撤去された「平和の少女像」を展示――丸木美術館学芸員が語る、表現の自由と「慰安婦」問題
そんな岡村氏は、『表現の不自由展・その後』中止問題をどう見たのか。「平和の少女像」について、河村たかし・名古屋市長が「どう考えても日本人の、国民の心を踏みにじるもの」と批判し、世間でも同様の抗議が聞かれている。岡村氏は「平和の少女像」も出品された15年開催の『表現の不自由展』では「目立った拒否反応が出ていなかった」点を踏まえつつ、「今回大きな騒動になったのは、やはり『公的な展覧会で「平和の少女像」が取り上げられた』という点が大きかったのではないでしょうか」と見解を述べる。
「こうした背景を踏まえると、どうやら今この国の『表現の自由』というものは、プライベートな空間においては一定許されるが、パブリックな空間においては制限される――そんな暗黙の了解を感じ取りました。それ自体を、私はおかしいと思っています。日本では、上からの指示に従うのが『パブリック』の在り方なのか。本来は、少数弱者の意見も主張できる機会を担保するのが、『パブリック』の重要な役割だと思うのですが……日本の『パブリック』は成熟していないという現状を感じました」
なお東京都美術館の件は、公立の展示施設が、主催団体(JAALA)にスペースを貸し出し、その展示作品に対して撤去の判断を下した構図で、「こちらも新聞報道されましたが、今回のような大きな騒ぎにはならなかった」という。
一方で、岡村氏は学芸員として、「表現の自由」の難しさに直面することもあるという。「あくまで私個人の見解であり、ほかの美術館の学芸員の方とは異なるかもしれませんが」と前置きした上で、次のように「表現の自由」に対する思いを語ってくれた。

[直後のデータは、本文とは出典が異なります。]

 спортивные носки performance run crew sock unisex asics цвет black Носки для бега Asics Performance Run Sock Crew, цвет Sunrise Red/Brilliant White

「美術館というのは、ある種の権威にならざるを得ない部分もあるのです。よく丸木美術館は『表現の自由の牙城』だと言われることがあります。ただ、それはあくまで一面から見ればそうなのであって、別の意見を持っている人から見るとそうではない。例えば、丸木美術館では『戦争賛成』をテーマにした展示はやりません。もちろん、できる限り規制はしたくないと思うのですが、展示によっては、本来存在しないはずのボーダーがどこにあるかを探り当てる仕事を、せざるを得ないのです。その場所の『文脈』を著しく外れるものが現れた時に、どう対処するかは、誰かが決断しなければいけない。そう考えると、学芸員は、時に『表現の自由』を制限する側に回らざるを得ない仕事だと、私は思っています。ですから、『表現の自由』という言葉を使う際には、少しうしろめたい気持ちになります」
『あいちトリエンナーレ』にもまた、そもそもボーダーは存在しない。しかしその中で、一定の合意を得られるボーダーを見極めていくのは、簡単なことではないだろうと、岡村氏は言う。
「丸木美術館でも、作家に対して『この作品は刺激が強いので、ネガティブな反応も予想されるが、どう思うか』と意見を聞き、作家の判断で丸木美術館の文脈や歴史性を踏まえた別の作品を出品したことは実際にあります。表現を委縮させてしまってはいけないが、作家と対話を重ねて、この場所で展示をする意味を考え、しかし予定調和に陥ることのない表現とは何かを探って、合意していくプロセスは大事。同時に、『どんな反応が起こり得るか』『その反応に現場の職員が対応できるか』という現実的な問題も考え、十分に対処する必要があるのではないでしょうか。そこまで準備して初めて、展示が決定すると思っているので、『表現の不自由展・その後』が3日で中止となったことについて、私は『それでも社会に一石を投じたことに意味がある』とは言えません」
『あいちトリエンナーレ』芸術監督の津田大介氏に対しては、「作家を受け入れる側としては、最後まできちんと向き合う必要がありますし、展示を決断した以上は最後まで継続するのが最低限の責任と思っています」と岡村氏。しかし今回、「それがなされないほどの大きな圧力がかかったのでしょう。もちろん一番問題なのは、不当な圧力をかける側なのは間違いありません」という。